Then suddenly one word came to me “winter blues”…oh yes it could be…yes I got it is winter blues ….oh no…
But I have the solution to enlighten myself and get out of this winter blues…now all of you must be wondering what I am talking about …yup…let me explain that now…
Some symptoms include depression, marathon napping, low self-esteem, obsessiveness over little things, irritability, shyness, and panic attacks. People with seasonal affective disorder may also sleep poorly (although for many hours), partly because they don't have enough serotonin to convert to the sleep substance melatonin.

Winter depression is still a mystery to scientists who study it. Many things, including brain chemicals, ions in the air, and genetics seem to be involved. But researchers agree that people who suffer from winter depression -- also known as "seasonal affective disorder," a term that produces the cute acronym SAD -- have one thing in common. They're particularly sensitive to light, or the lack of it.

As the days get shorter most of us do not feel going after a particular time say 6 p.m. we tend to remain indoors because of cold weather so as aresult most of our outdoor chores remain unaccomplished…result feel irritated…do not get time to meet friends result loneliness…

Many studies have shown that people with seasonal affective disorder feel better after exposure to bright light.
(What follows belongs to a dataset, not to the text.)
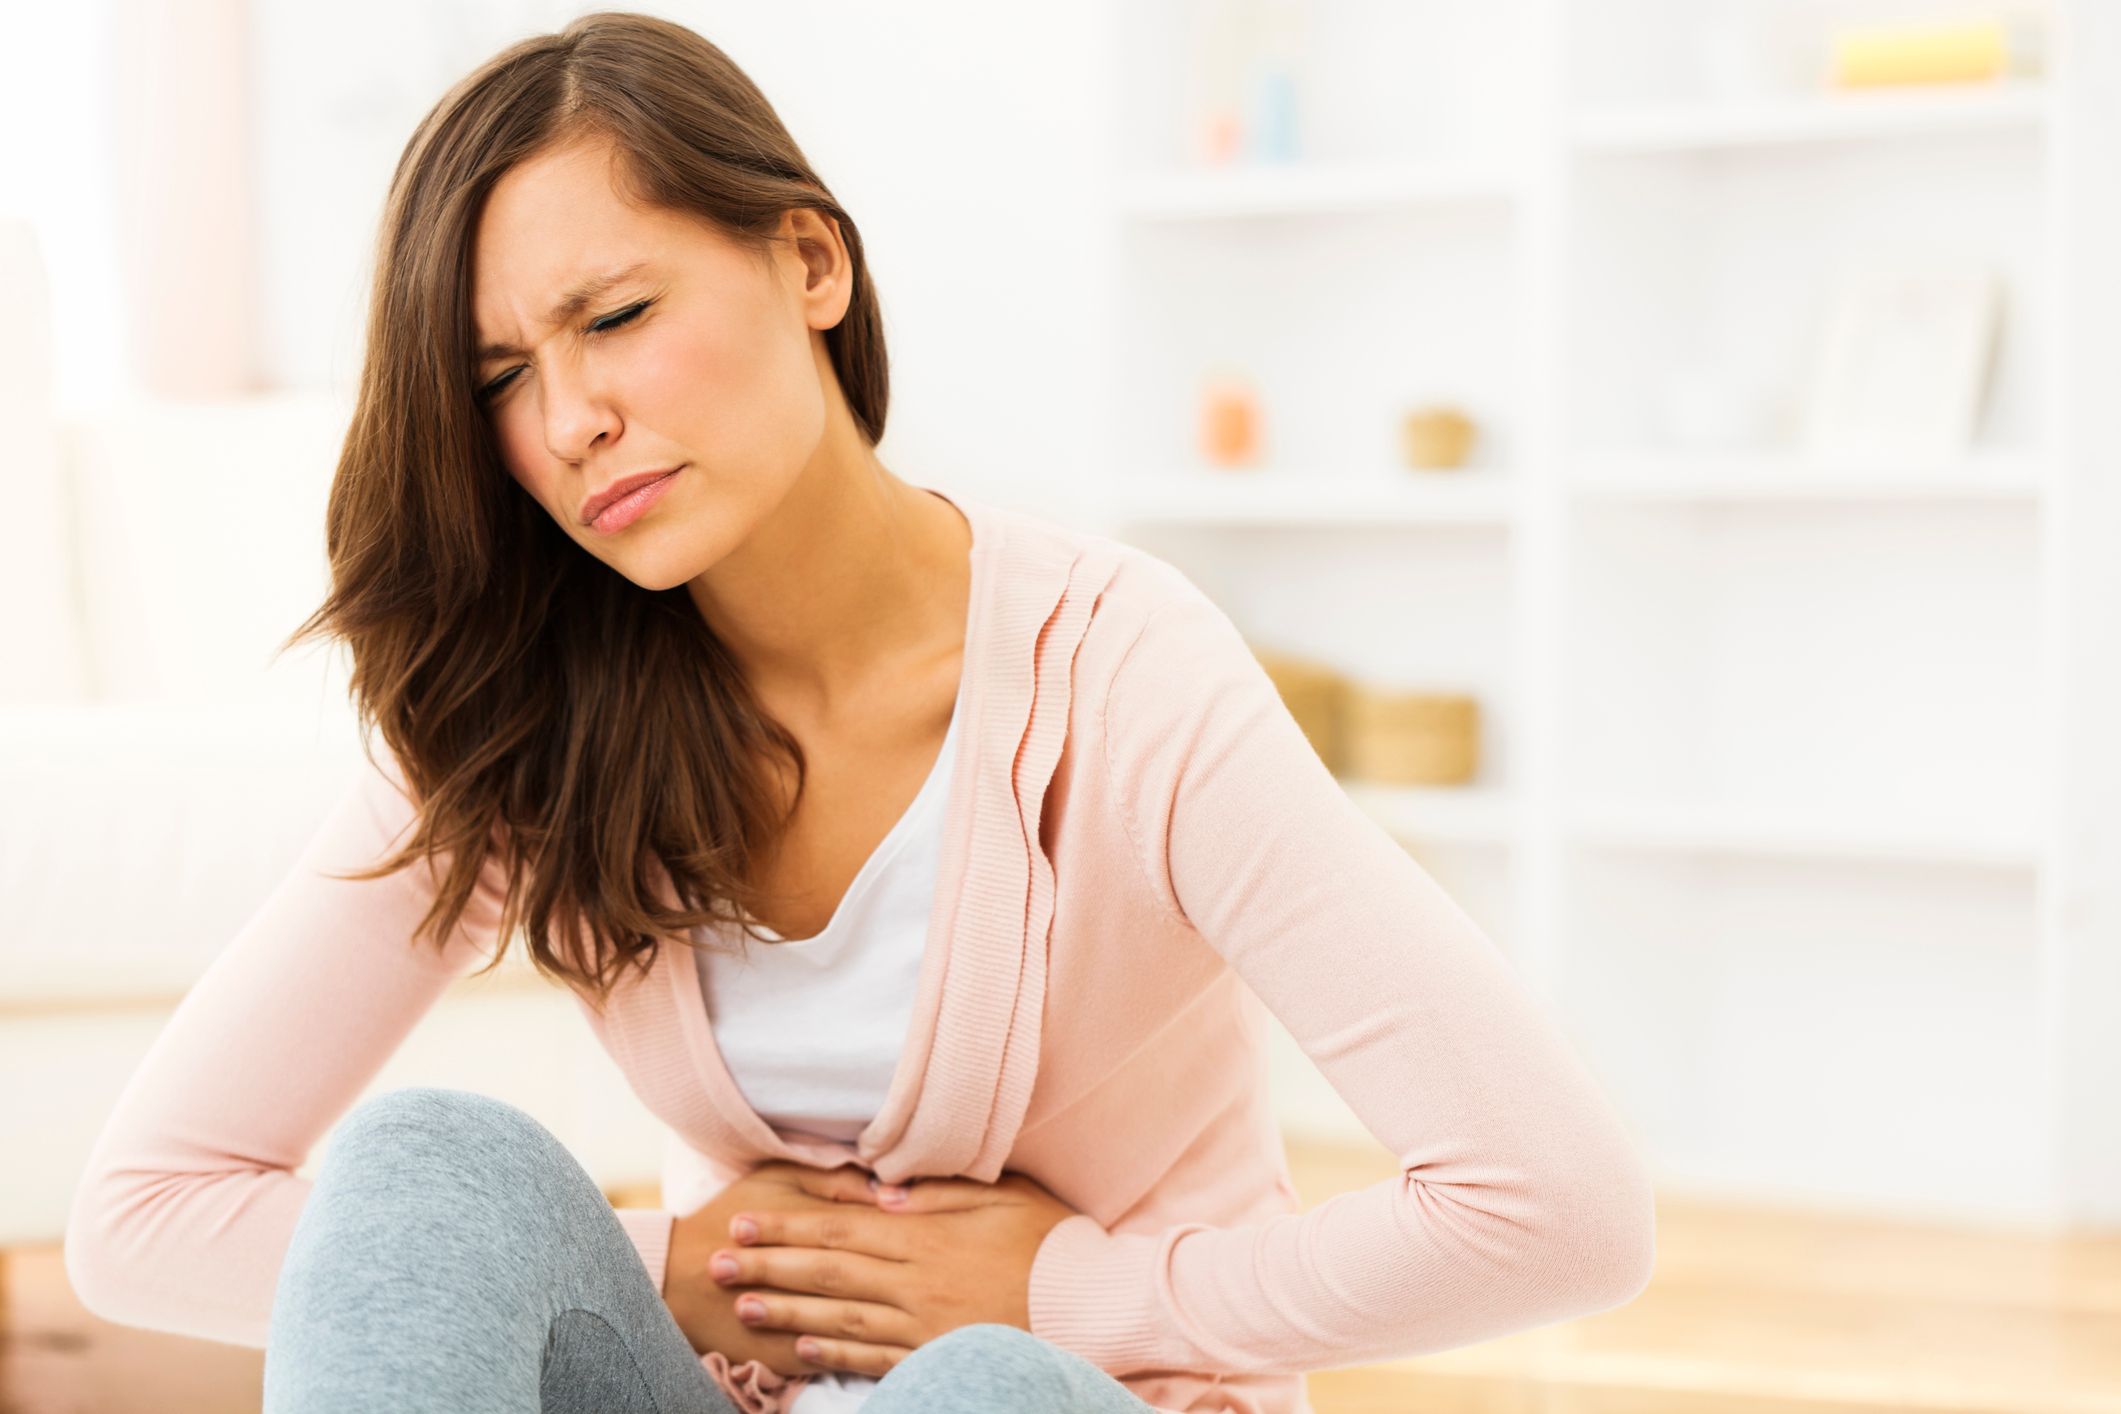 Do You Suffer From Irritable Bowel Syndrome?

It seems simple enough: In higher latitudes, winter days are shorter, so you get less exposure to sunlight. Replace lost sunlight with bright artificial light, and your mood improves….
Have your bedroom lights turn on a half hour before you're supposed to wake up.
Expose yourself to sunlight as early in the morning as you can.
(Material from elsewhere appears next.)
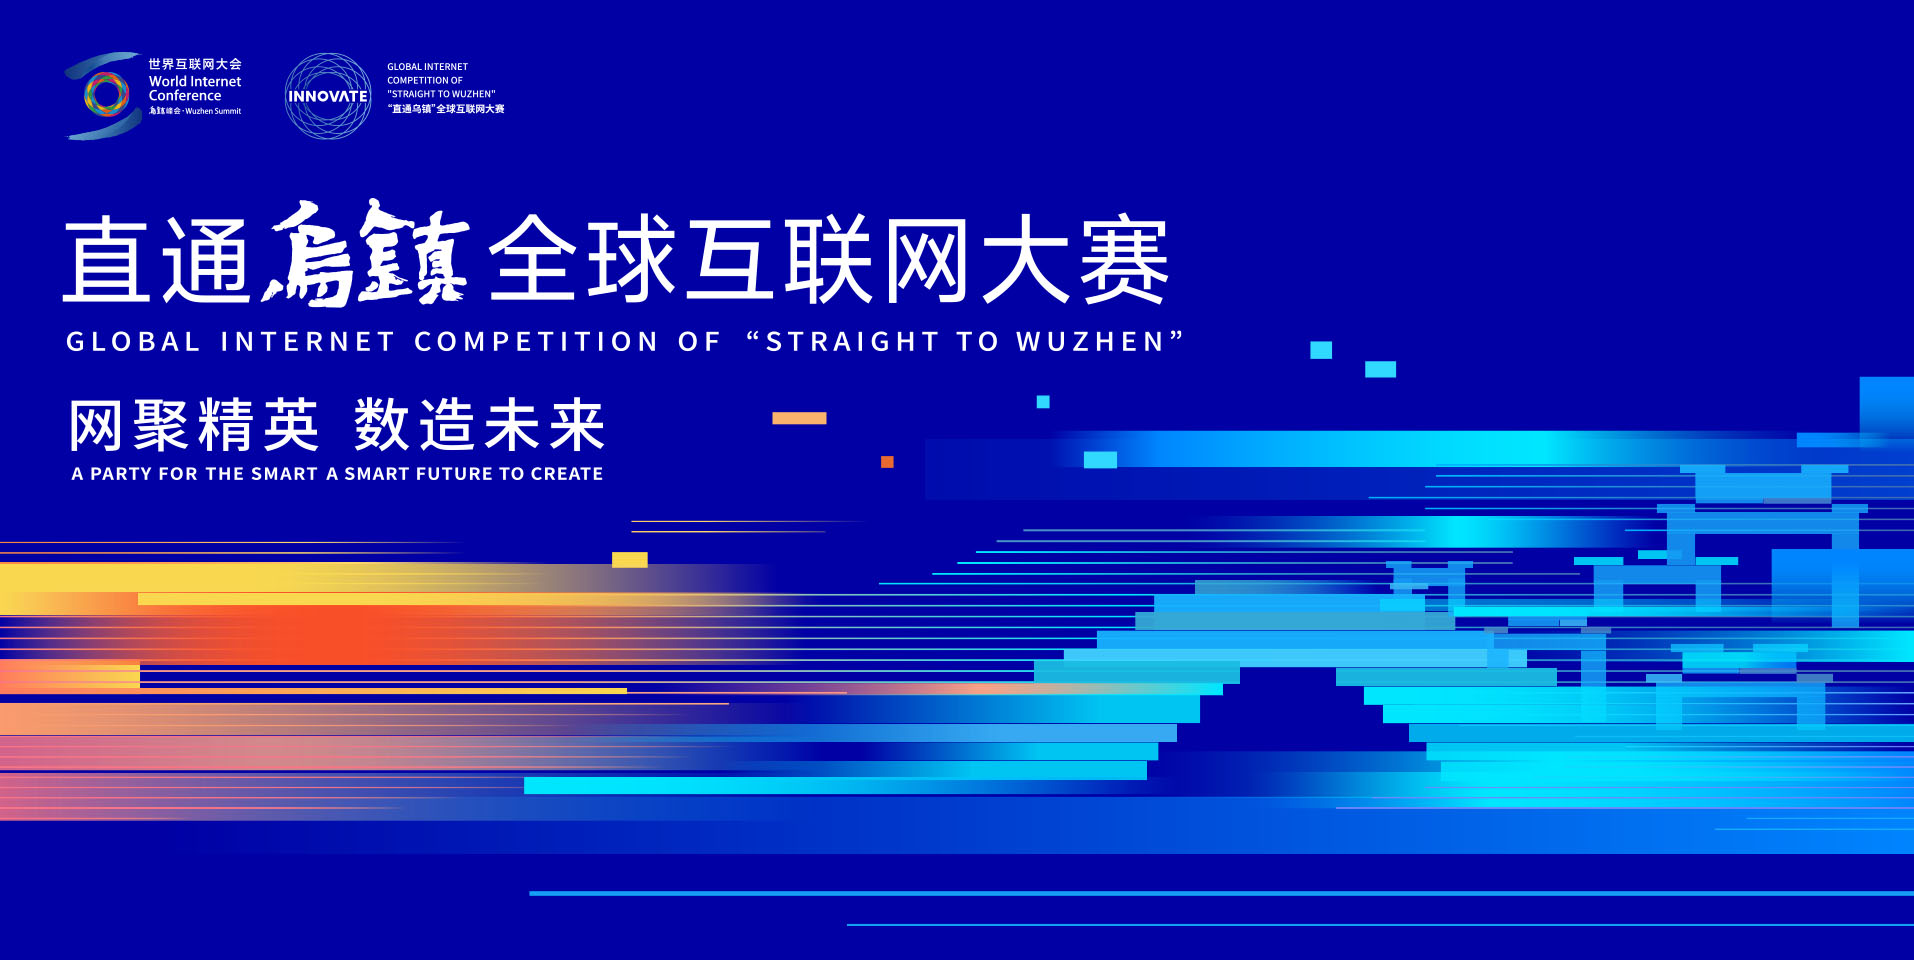 Straight to Wuzhen Competition

Use artificial light. You can use the light box to effectively lengthen the day: use it before daylight, after the sun sets, or a combination of the two. Increasing the day length by two hours should be effective.
Get Moving

Did you know that one hour of aerobic exercise outside (even when it's cloudy) has the same therapeutic effects as 2.5 hours of light treatment indoors? This is because it raises serotonin levels, which tend to get low when you have the winter blues.
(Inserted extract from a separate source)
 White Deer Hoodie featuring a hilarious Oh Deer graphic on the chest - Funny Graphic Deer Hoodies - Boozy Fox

Research has proven that exercising regularly can help ward off depression. Every little bit helps--a mere thirty minutes of daily physical activity can decrease symptoms of mild to moderate depression by upwards of 50 percent.
Watch your cravings! When your serotonin levels are low, one of things your body tends to do is to crave food high in carbohydrates, especially high-sugar foods like junk food and soda, because they raise serotonin levels.

Eat wisely. This means, pushing away the leftover cake and eating sensible carbs to stimulate serotonin. Sweets and simple carbs, like white rice and white bread, quickly raise blood sugar, flood you with insulin, and then drop you in a hole. Eating wisely also means watching the caffeine, which suppresses serotonin.

Take a multivitamin containing vitamin D-3 daily. Vitamin D is created by the sun's rays on the skin, and therefore declines during the winter. Although studies on the effect of vitamin D supplements on seasonal depression have come up with varied results a good multivitamin will also help with energy levels.

Take up a winter activity

Do not be a couch potato: I know you will crave for paranthas, ladoos, panjiri and other desserts to make yourself happy….beware it will all add up calories and increase weight…so please eat healthy options like
Popcorn
Oatmeal
Nuts
Egg whites for omelets
Peanut butter
Prewashed veggies
Fruit
Whole grain crackers and bread
Cottage cheese
If you really want to munch on…do not stuff yourself.

Tommorrow we will talk more about foods that help you in combating winter blues.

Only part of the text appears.